Sat. Jan 28th, 2023
Your personal astrophysicist.
Enlarge / Your personal astrophysicist.

Star Talk radio

Podcasts are all the rage. In 2006, only 11 percent of Americans age 12 or older said they’d ever listened to a podcast, but that number grew to 36 percent from last year, according to data from Edison Research. This increase is due in part to the rise of brilliant investigative podcasts, such as Serial of In the Dark, as well as mainstream media podcasts such as The Daily at The New York Times.

At Ars, we love podcasts (we even have one; it’s a podcast on TV). And as the format has become more popular, more people have been inspired to start shows, leading to a lot of specialization, even in my area of ​​interest: space. I’ve listened to many podcasts about astronomy and spaceflight over the past decade, and today I’m sharing some of my favorites to help others with similar interests. Note: This is far from a complete list. I’m sure there are many more excellent ones; the following shows are simply shows that I regularly listen to and enjoy.

Of all the podcasts on this list, Neil deGrasse Tyson’s Star Talk Radio is probably the one most readers know (it ranks 44th on the list of the best iTunes podcasts). The show is an amalgamation of interviews and discussions with celebrity guests (e.g., Bill Nye) about science, as well as shows in which deGrasse Tyson—who calls himself “your personal astrophysicist”—answers astronomy questions directly from listeners. DeGrasse Tyson is an extremely gifted science communicator, and since he often pairs himself with a comic strip, the show often features great humor as well. If there’s a downside, it’s that our personal astrophysicist is a little too enamored with his own genius, and if you’re listening with kids, watch out for the occasional digressions about sex or off-color humor.

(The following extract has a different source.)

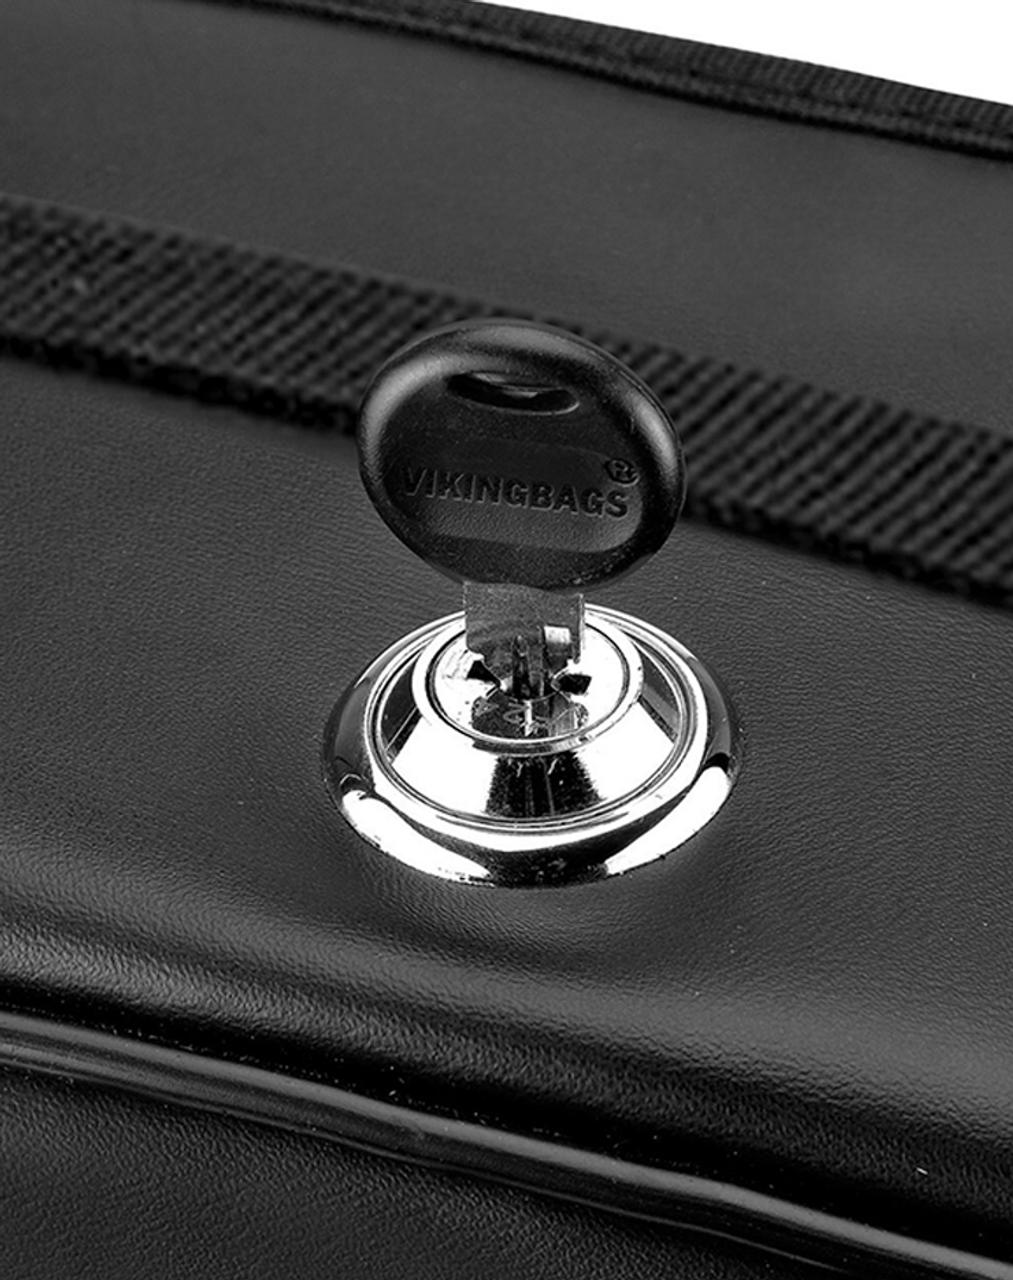 Honda Magna 750 Armor Shock Cutout Motorcycle Saddlebags lock key view
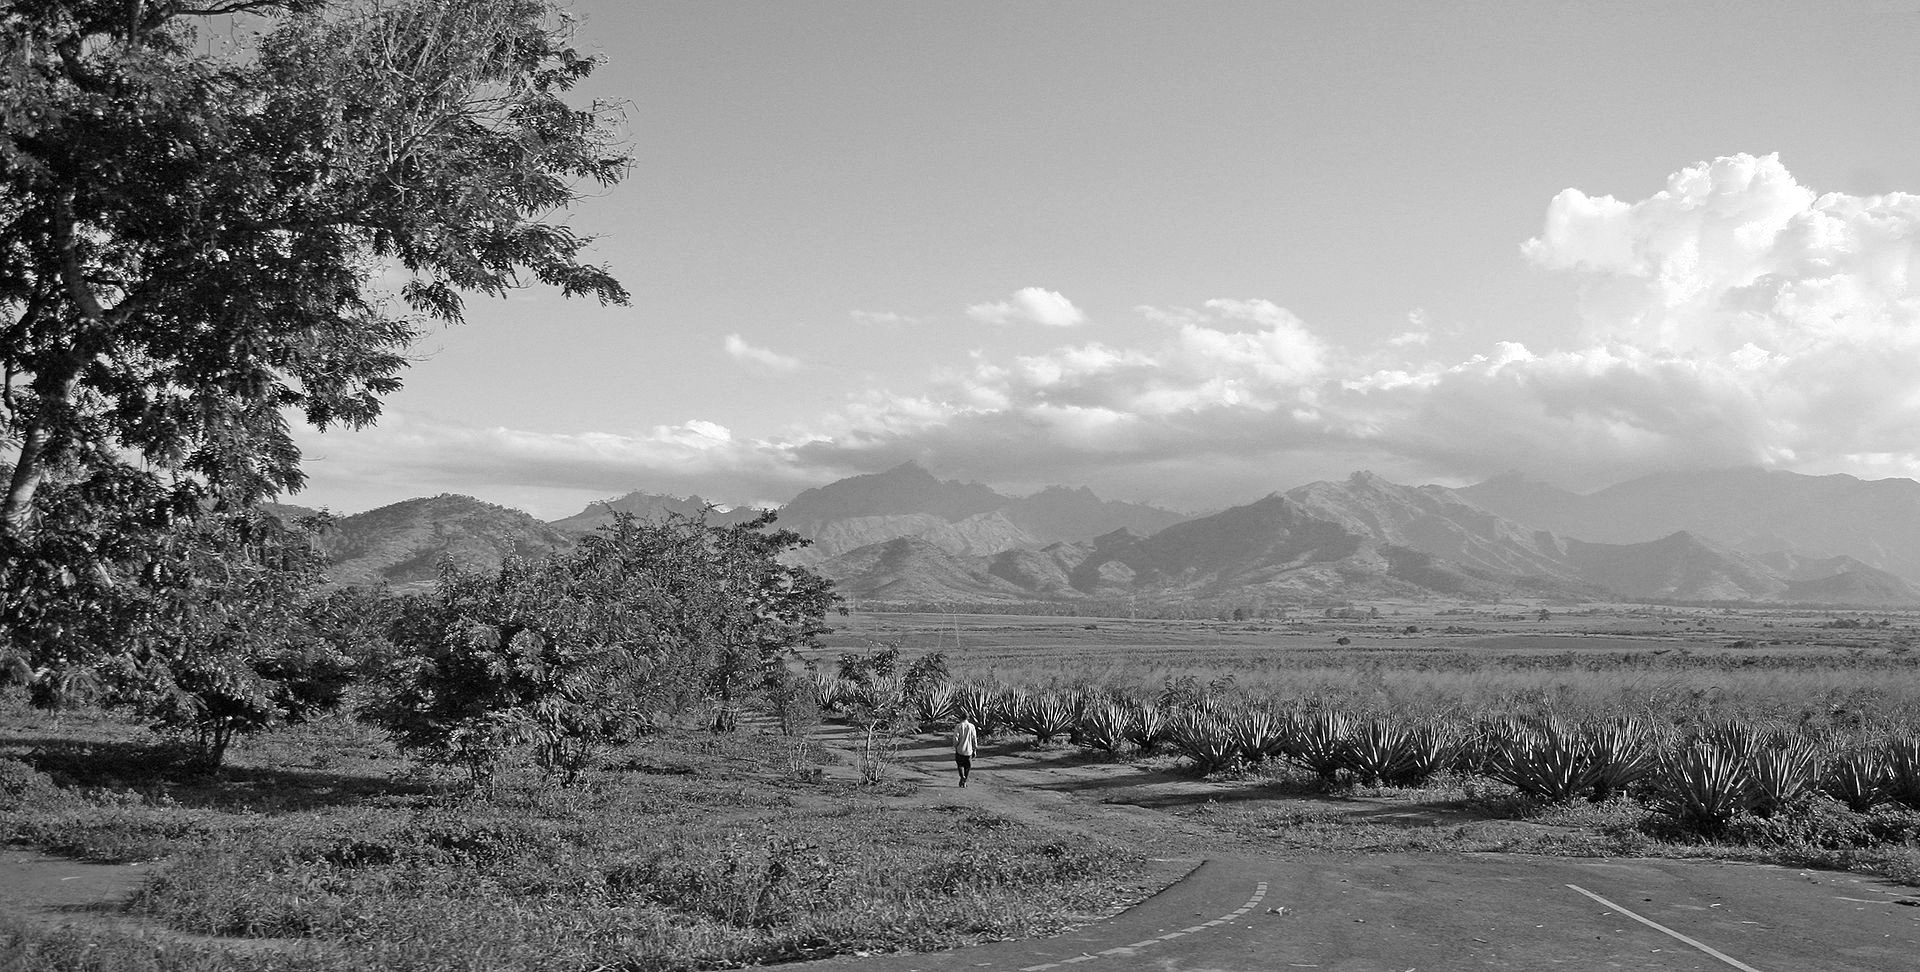 Sisal plantations surrounding Uluguru mountains

Produced by two British space enthusiasts, Matthew Russell and Jamie Franklin, the basic format sees the two hosts rampage in space news all week. They describe their show as putting the “ace” in space, and this gives you a good sense of the pair’s sense of humor, which is often quite good. The show also features guest interviews, both from experts in the field and some people out of left field, including a recent two-part series where they invited a lunar hoaxer to present his evidence that NASA is faking the moon landings. The resulting shows were interesting because they exposed the absolute lack of evidence for this, even from an “expert” in the field. This show is a lot of fun.

Place the ace in space.
Enlarge / Place the ace in space.

Interplanetary Podcast

If Star Talk Radio is all about attracting famous scientists to talk about popular science, Spacepod is much more aimed at people who are more interested in science. The format of the podcast, hosted by California Institute of Technology asteroid scientist Carrie Nugent, is simple: Nugent introduces her guest astronomer, they share a drink of what is often a standard drink, and then spend the next half hour or so discussing the orbiter’s research. guest. For example, you can spend 30 minutes learning all about Cepheid variable stars and why they are important to astronomers. This podcast is highly recommended for those interested in astronomy and the frontlines of modern research.

Of all my interests in space, one of the biggest lies is space policy: the politics that underpin the rockets and spacecraft that are built, and how NASA and the private sector plan to use them. It’s a messy, complicated, but endlessly fascinating subject. It’s also one that deftly handles Anthony Colangelo’s Main Engine Cut Off podcast. Anthony’s show is a mix of host monologues, occasional interviews and news ratings. He focuses a lot on space hardware and the politics behind spaceflight, and I often pick up ideas or insights that I hadn’t thought of before. I also like the fact that Colangelo is realistic about spaceflight, and he looks at hypes from both government and industry with skepticism. (Disclaimer: I have appeared on this podcast once).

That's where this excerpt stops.